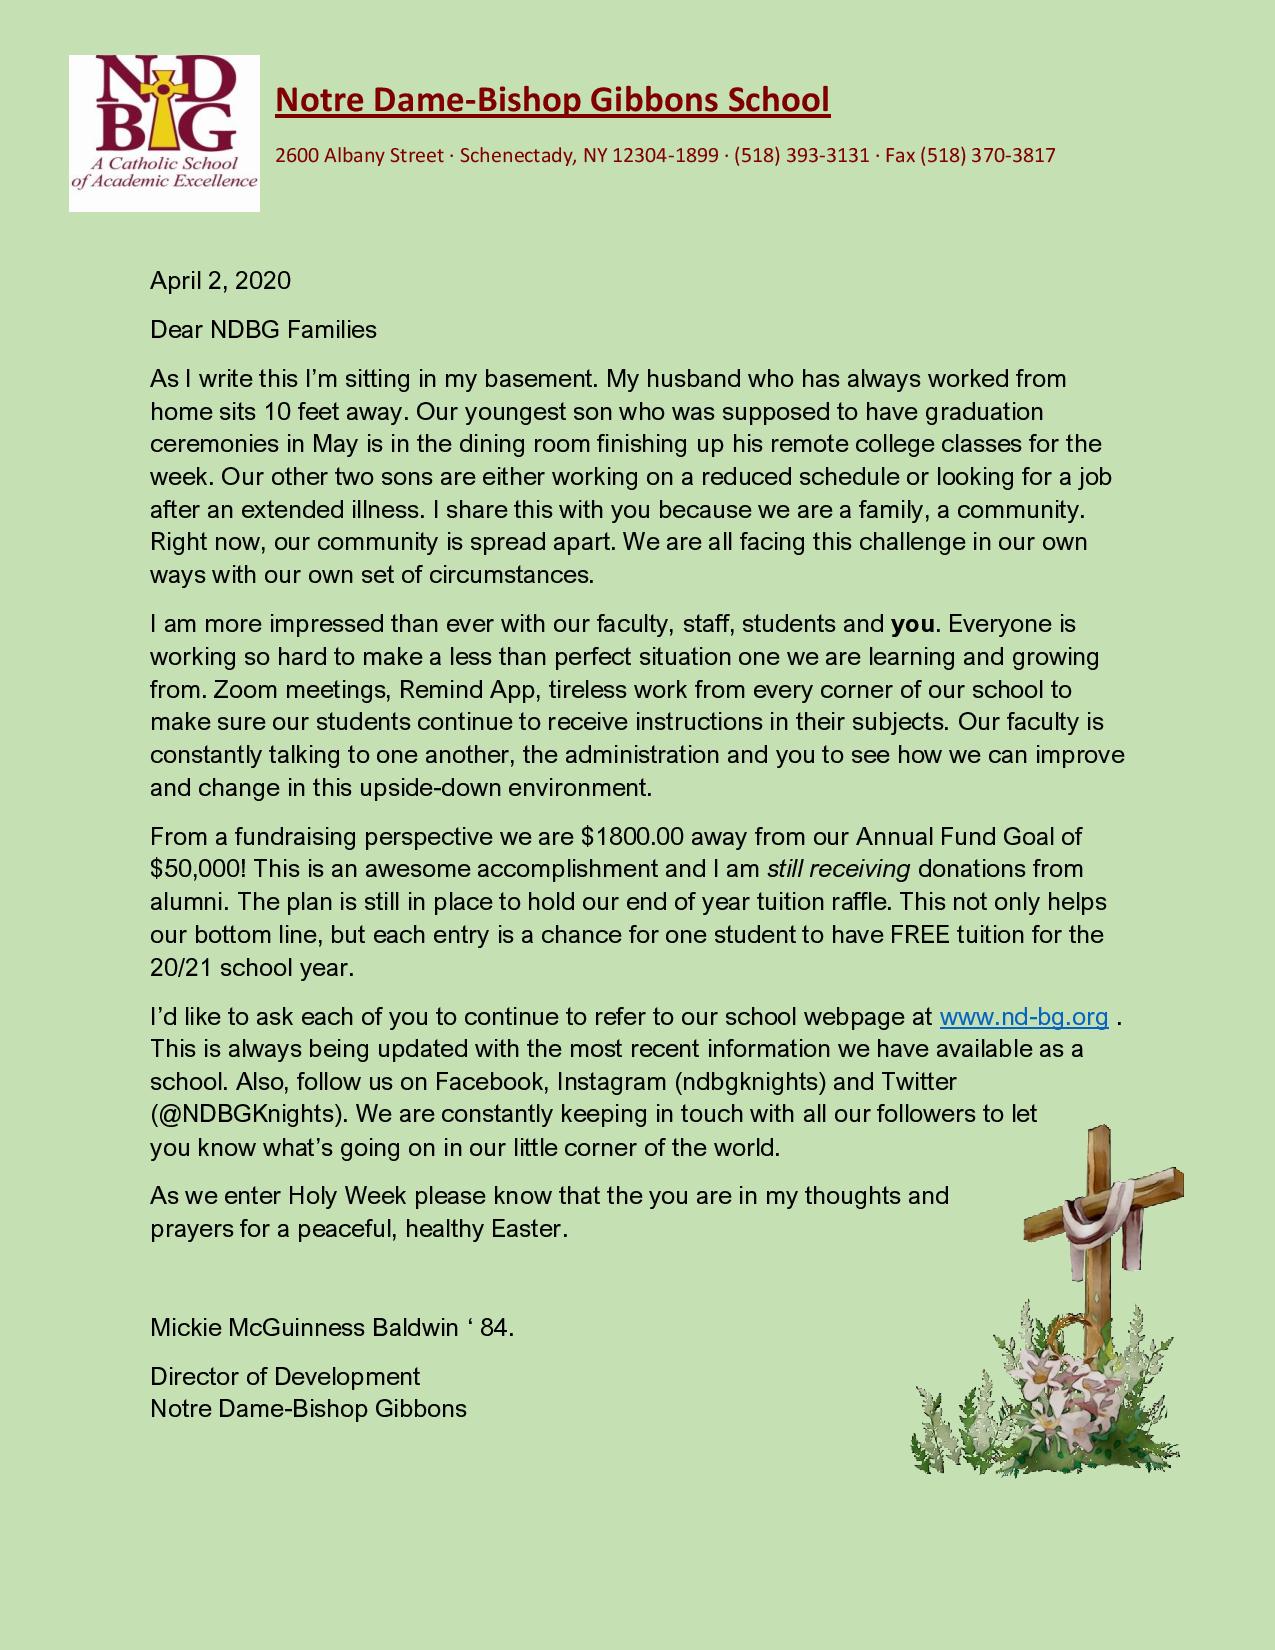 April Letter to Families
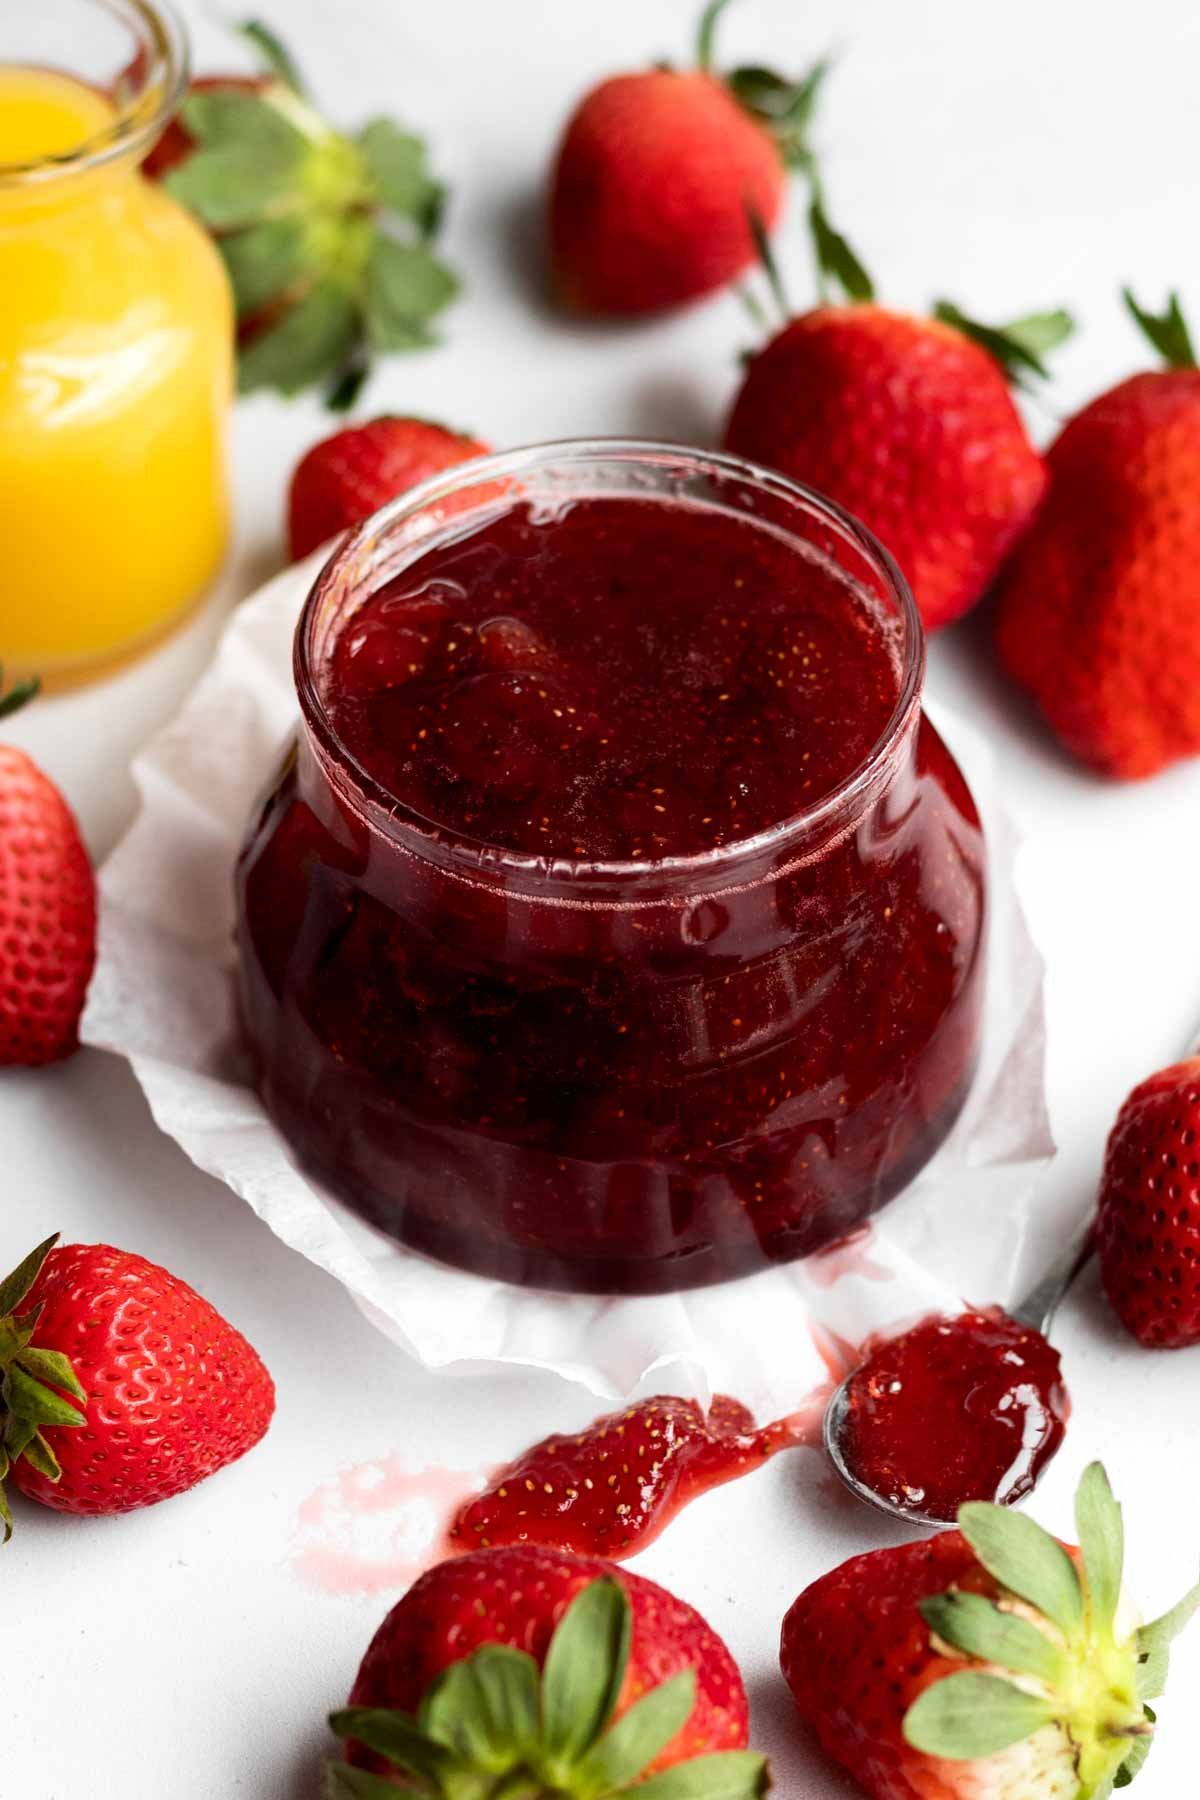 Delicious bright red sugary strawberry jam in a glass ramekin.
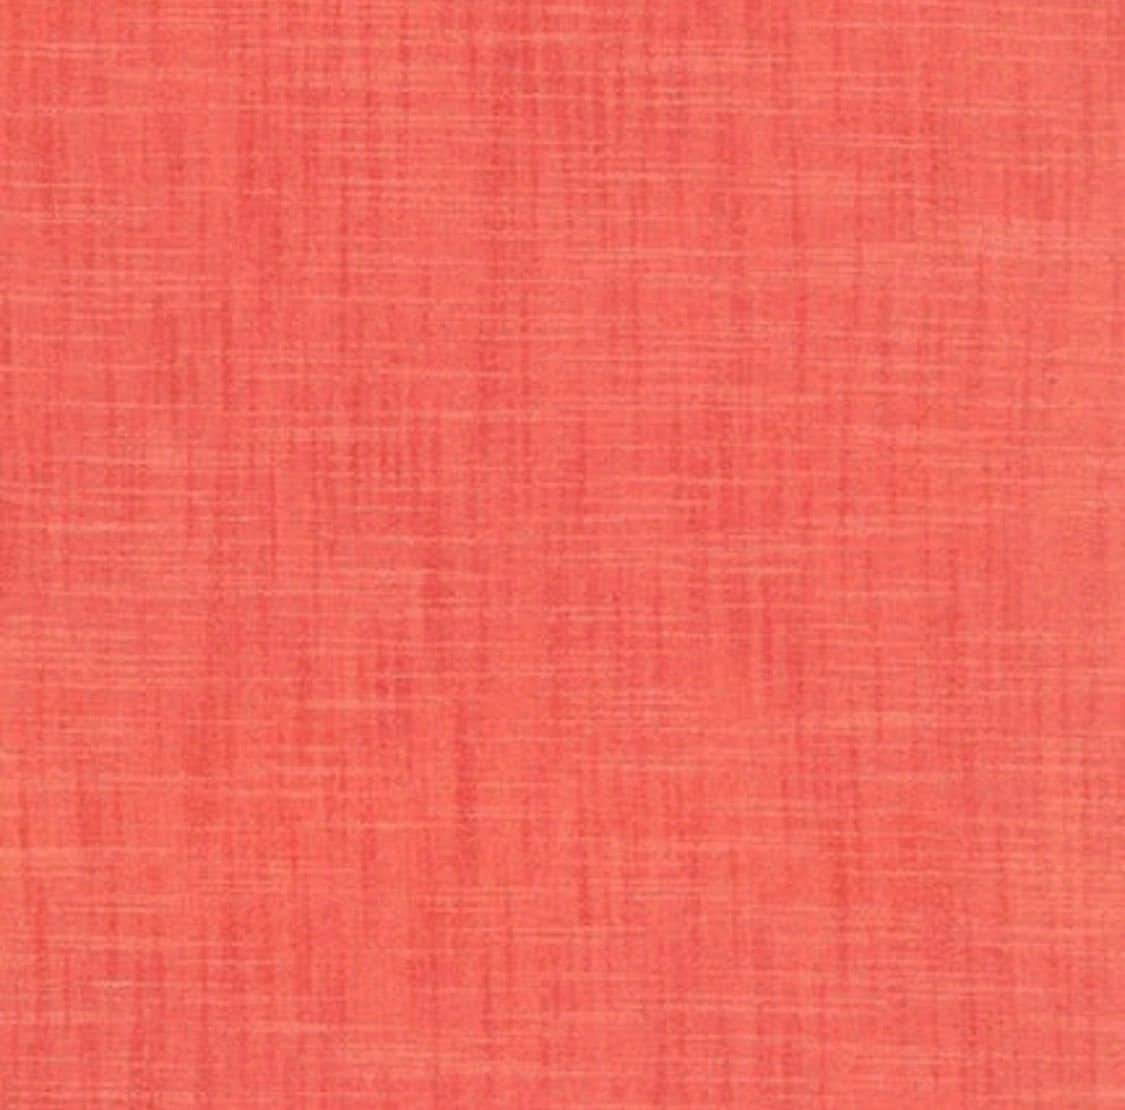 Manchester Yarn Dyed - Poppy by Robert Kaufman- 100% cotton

Problem statement: Here the job is to print all the data exactly, skipping any image.

Response box:
 April Letter to Families
 Delicious bright red sugary strawberry jam in a glass ramekin.
 Manchester Yarn Dyed - Poppy by Robert Kaufman- 100% cotton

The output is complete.